▶ **Activity**
Once the line containing "NEW YORK, NEW" is found in the material below, it and every line after it should be transcribed exactly, with pictures left out and nothing added.

▶ **Data extract**

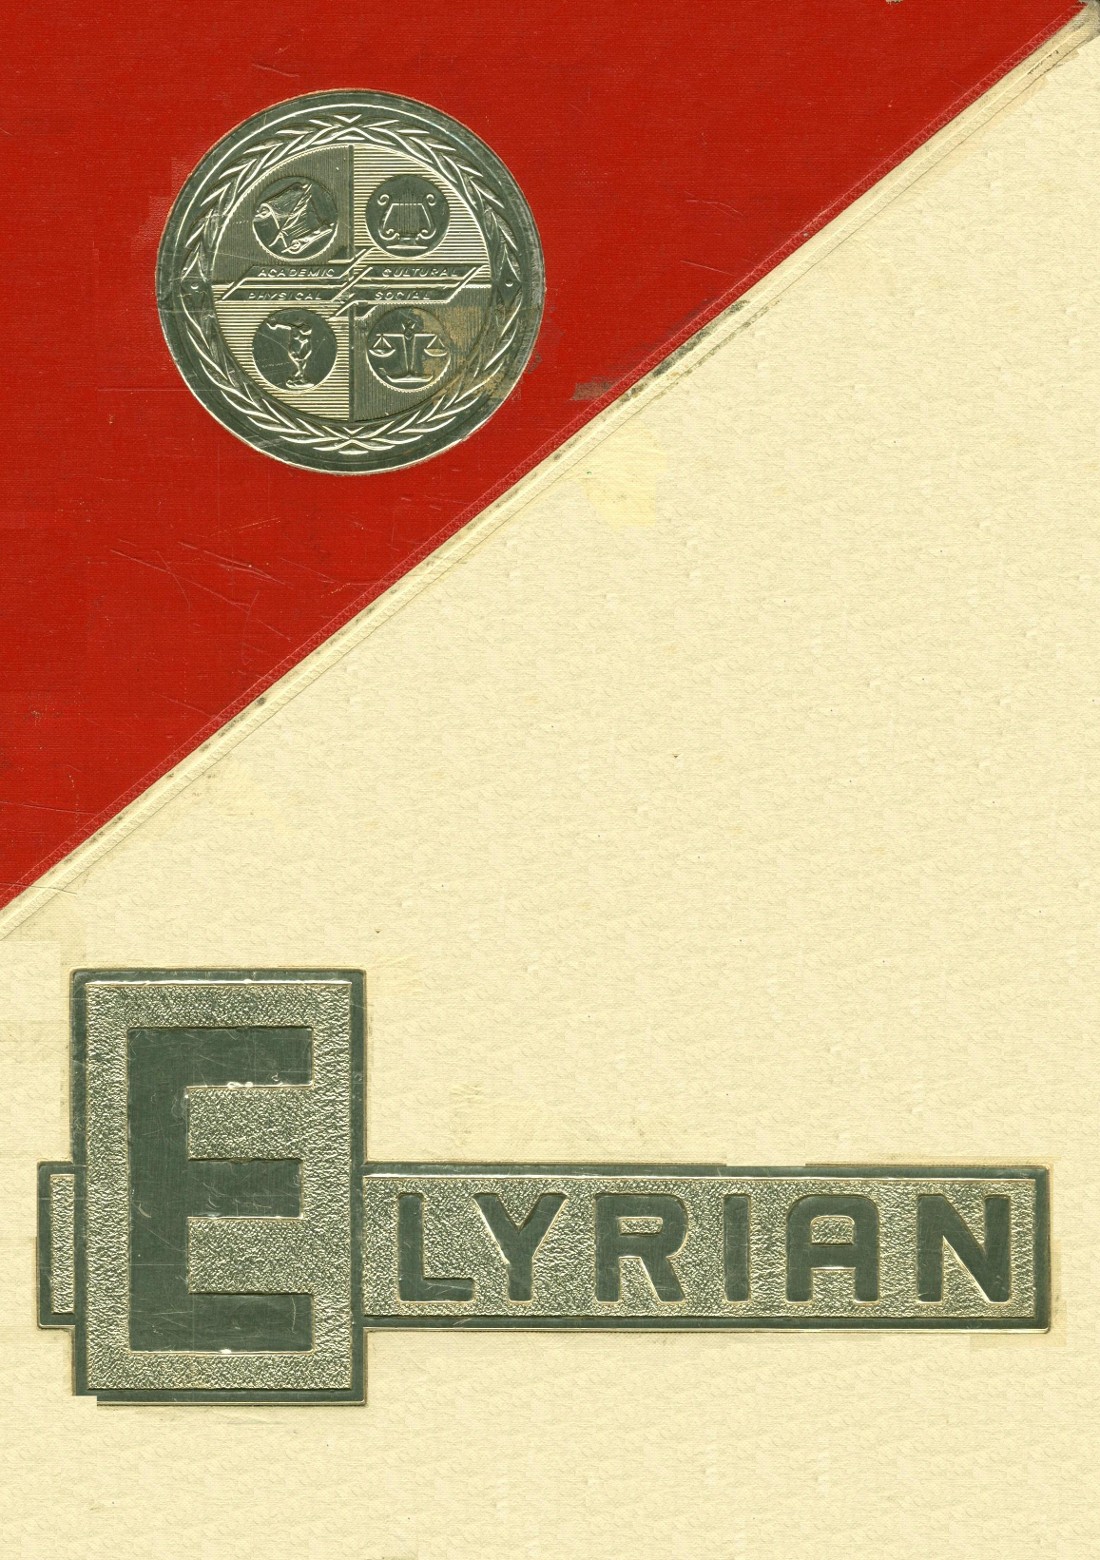 1967 yearbook from Elyria High School from Elyria, Ohio
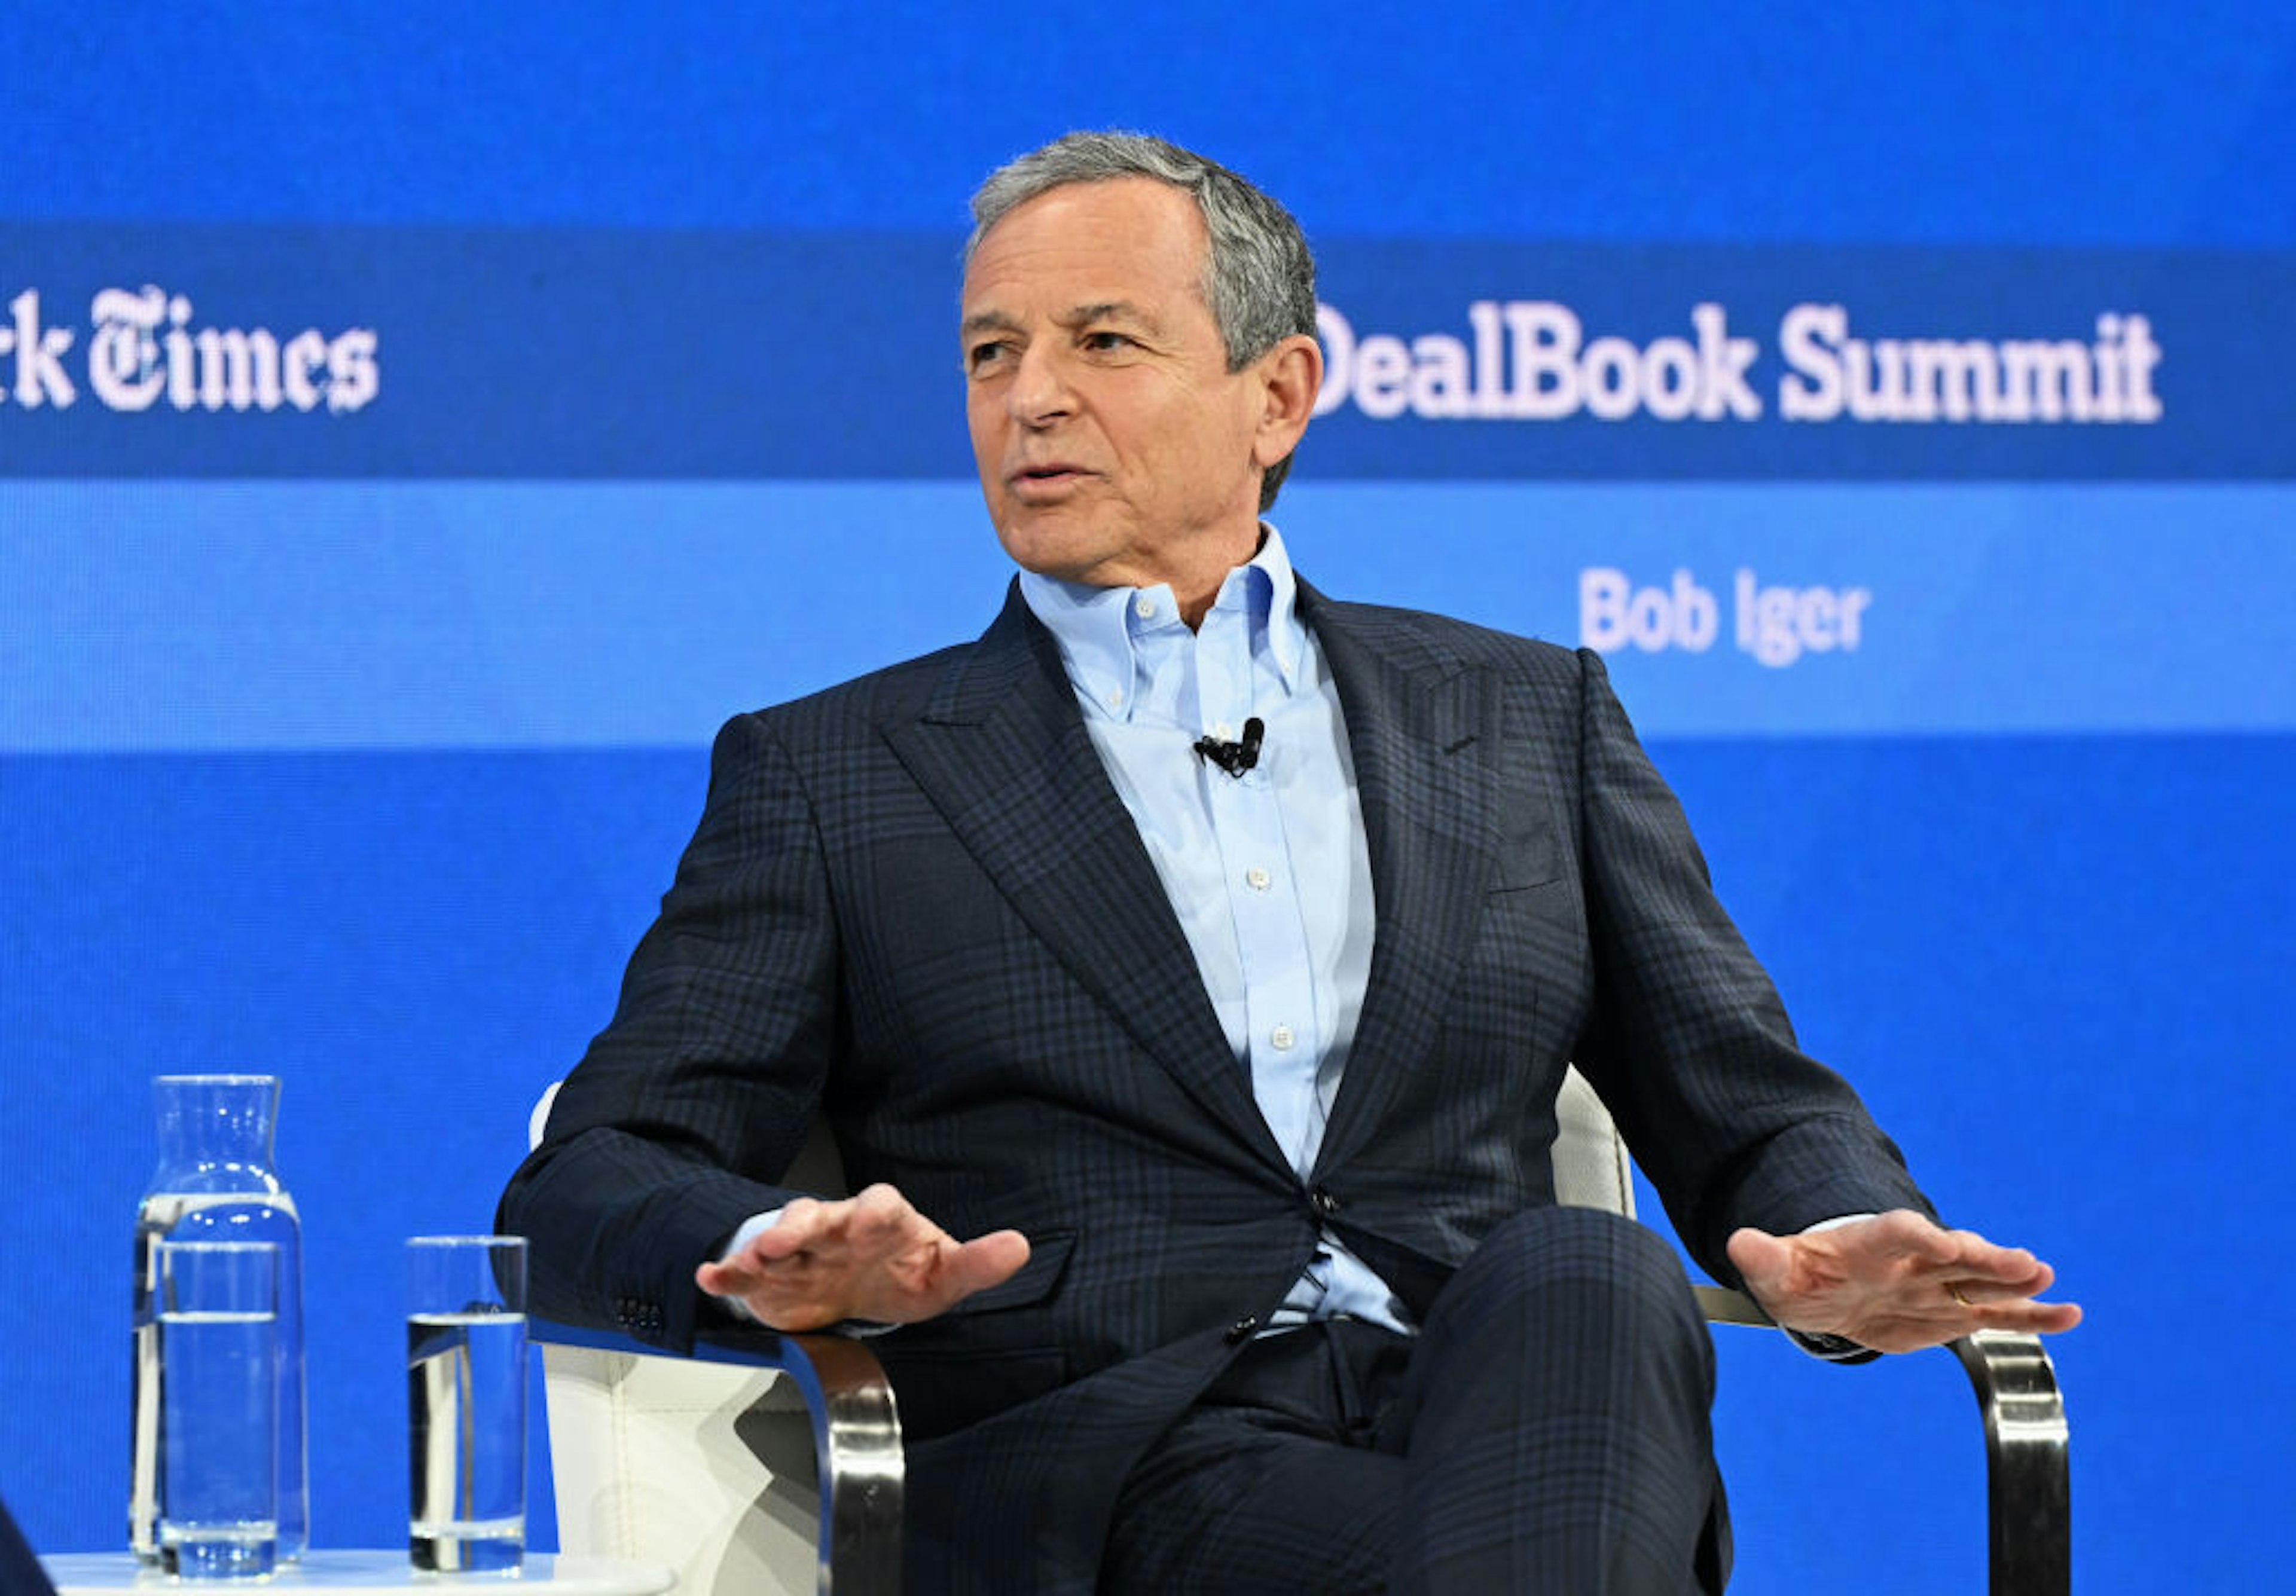 NEW YORK, NEW YORK - NOVEMBER 29: Robert Iger speaks onstage during The New York Times Dealbook Summit 2023 at Jazz at Lincoln Center on November 29, 2023 in New York City. (Photo by Slaven Vlasic/Getty Images for The New York Times)
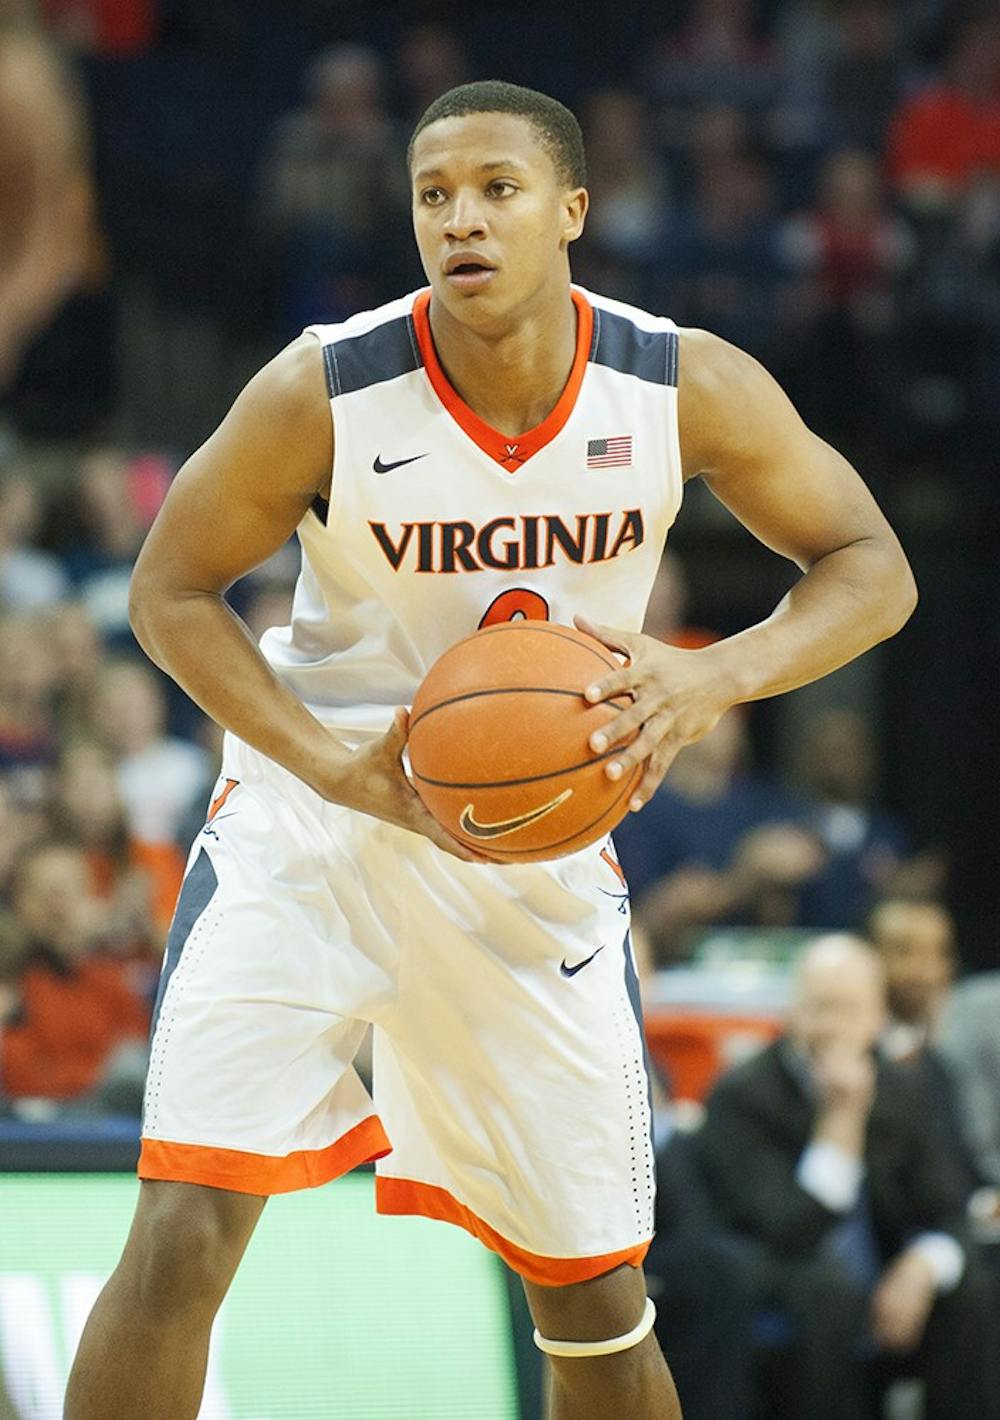 <p>Redshirt sophomore guard Devon Hall wasn't the most efficient player&nbsp;Saturday against North Carolina, shooting only 3-for-11 from the floor, but his aggressiveness aided Virginia behind the arc and at the free-throw line. If Hall plays with that same confidence in the postseason, the Cavaliers should be all the better offensively.&nbsp; </p>

▶ **Solution below**
 NEW YORK, NEW YORK - NOVEMBER 29: Robert Iger speaks onstage during The New York Times Dealbook Summit 2023 at Jazz at Lincoln Center on November 29, 2023 in New York City. (Photo by Slaven Vlasic/Getty Images for The New York Times)
 <p>Redshirt sophomore guard Devon Hall wasn't the most efficient player&nbsp;Saturday against North Carolina, shooting only 3-for-11 from the floor, but his aggressiveness aided Virginia behind the arc and at the free-throw line. If Hall plays with that same confidence in the postseason, the Cavaliers should be all the better offensively.&nbsp; </p>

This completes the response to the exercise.